Now that we have 2 incomes, suddenly I am the one who can't be trusted all of the sudden? She considers what she makes HER money now..and shes immediately defensive if I dare step in. I CANNOT ever tell her I'm having a bad week at work, because it turns into the "SEE THATS WHY I HAVE TO WORK EXTRA"..her attitude is absolutely horrible. She litertally can't handle it if her income has to go to an expense or a bill that should of been mine, and here I am getting brainwashed into thinking its MY FAULT? 

Its all bullcrap, even on a terrible year I was still brining in $45K, which at the time was honestly more than enough. Now we make nearly $90-100K per year combined if not more, yet the needle NEVER gets over a few thousand $$$ in the account.

This woman will not do a budget, she would be fine if I did a budget but she just will not follow the rules. I have shown her on paper the months spending, sometimes a staggering total and it doesn't even phase her. And she has turned me into being defensive about what I make, infact I hardly ever tell her. No one wants to hear a list of things they are doing wrong just because of a bad day or a bad week at work.. 

Recently we had something come up that was going to cost $2-3k, we didn't have it. Instead of facing the music at admitting that yeah we could of cut out 30% of our spending and likely have 4-5 times that on hand, it was of course not her fault, why would that ever be anything to do with her?

Its pretty ridiculous, I will not for one second say I am perfect, but the spending is wildly out of control. And its mostly on stuff we don't really need..its as if she is constantly in a state of trying to figure out a home for every dollar, always pulling at it.

I pay the mortgage, phone, electric, cable, gas, water etc. She does usually pay for daycare for our 2 kids, preschool, insurance, groceries.

I am not calling her a bad wife, I'm just overwhelmed and frustrated, she does have the typical domineering personality, and she always has been a blame shifter, she will go on for hours and hours of whats wrong with everything but her own actions. Even if she does admit something, it seems to be 'all about her'. In all honestly, before our youngest came along I was seriously contemplating ending it. With little ones, I'm not ready to go down that road. She doesn't do much to be supportive of what I do for work. Being a business owner isn't easy, you have to be able to handle the ups and downs, but its still better than working for someone who dictates your schedule and amount of money you make.

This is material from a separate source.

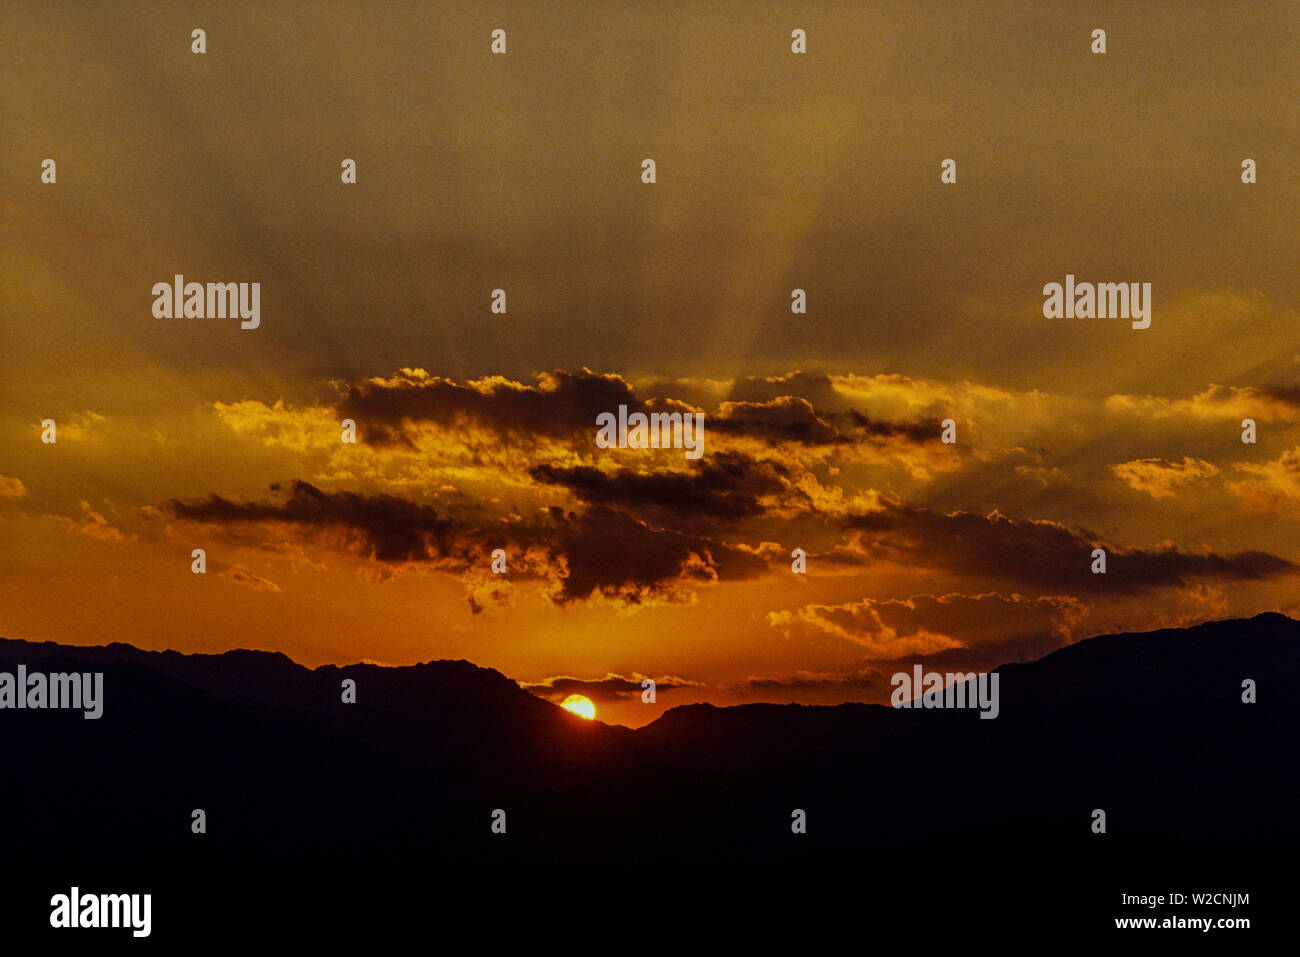 Korsika, August 1990. Sonnenuntergang über den Bergen. Foto: © Simon Grosset. Archiv: Bild von einem ursprünglichen Transparenz digitalisiert. Stockfoto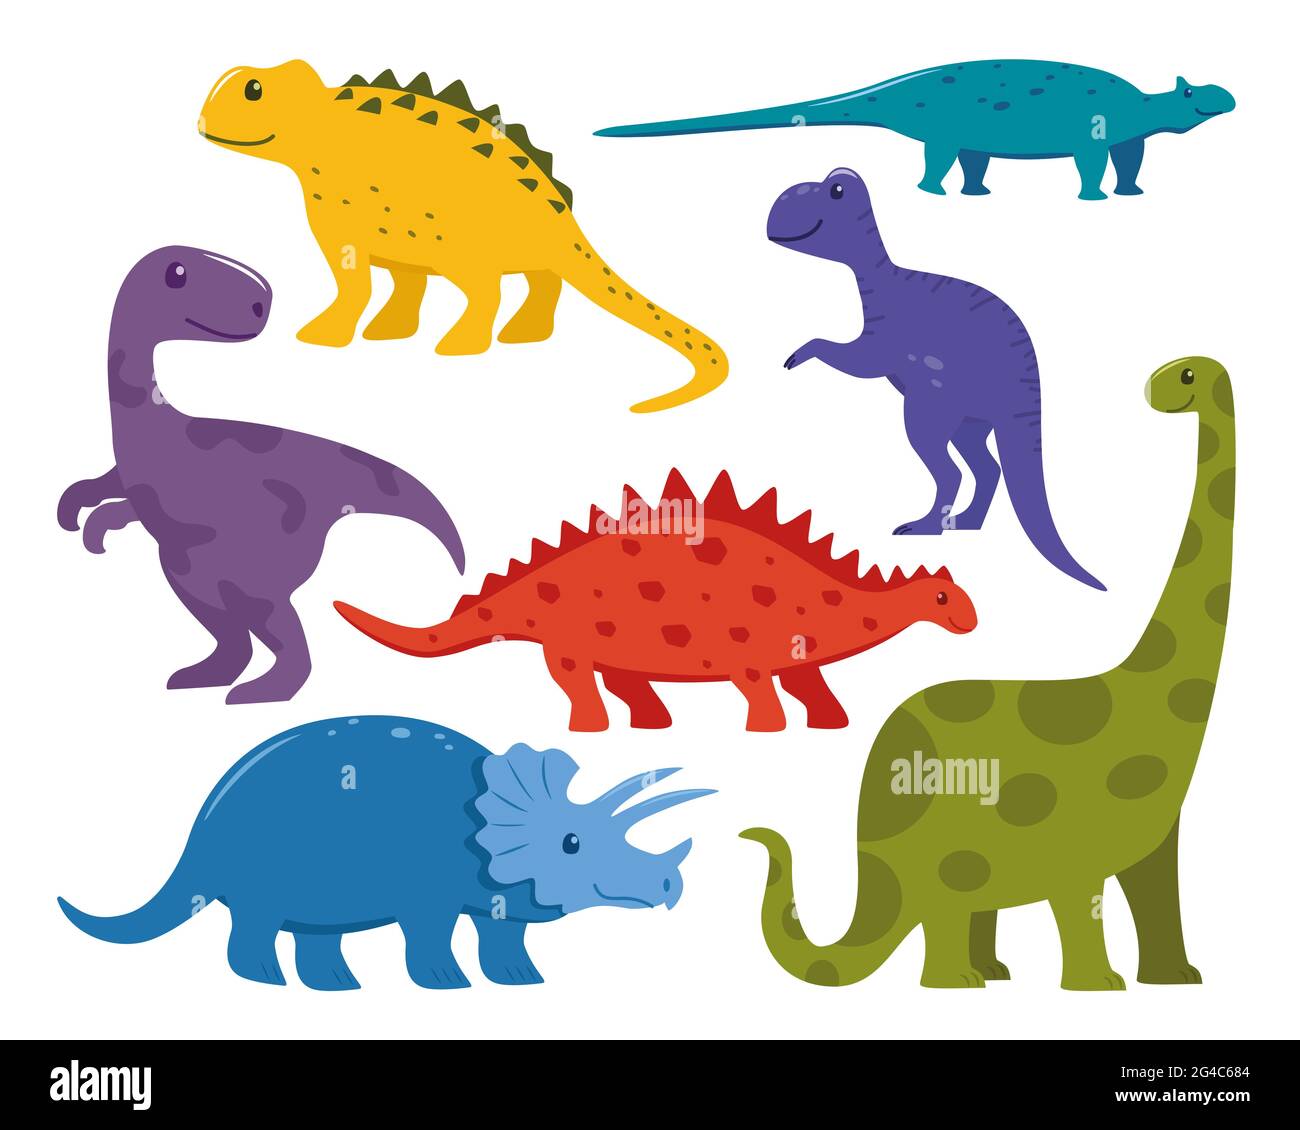 Dinosaurier Big Set. Sammlung von prähistorischen jurrasic Periode wilden Fauna. Niedliche bunte Dinosaurier im Cartoon-Stil. Vektorgrafik Stock Vektor

I would love to try financial counseling, but my feeling she will just use that as a tool against me rather than trying to make any changes. been there done that. She just lacks the 'fear of spending'.. personally I like to have cushion and not have to cut it close, especially when you can just make some sacrifice of stuff we don't even need in the first place.

So in a summary-
I feel I can't tell her what I make, because it will be spent and then bills wont get paid..or she will try to control every cent of it. Her - she doesn't think she can trust me with money, and refuses to see her own spending patterns. We cant even talk about money without it getting heated. I'm miserable, I can't even have a bad day and feel like I have to confide in others rather than my own wife..I also feel like I cant celebrate a good week without fearing its going to turn into a spend-a-palooza.

That about sums it up, as much as possible in a few paragraphs..im sure many others have been through the same.


----------



## As'laDain (Nov 27, 2011)

have you tried separating your finances so that she does not have access to the money you bring in?


----------



## chillymorn69 (Jun 27, 2016)

Wtf,

Split the bills then what ever she has left is hers and what ever you have left is your.


----------



## StarFires (Feb 27, 2018)

It sounds like you are afraid of your wife and, therefore, afraid to take the lead. It's a simple matter of depositing savings into a separate account and leave the joint account for household expenses. When she complains, tell her "It's time that one of us takes financial responsibility for MY money." Since she wants to claim all her own money as her own, then take care of your home and children, but don't let her have access to the rest. When unexpected expenses occur, the money will be available. The two of you can also make large financial decisions together with that money, or you can leave her out of it completely. It's not up to you to pay for all the household bills AND everything else she wants to buy while she keeps her money to herself. 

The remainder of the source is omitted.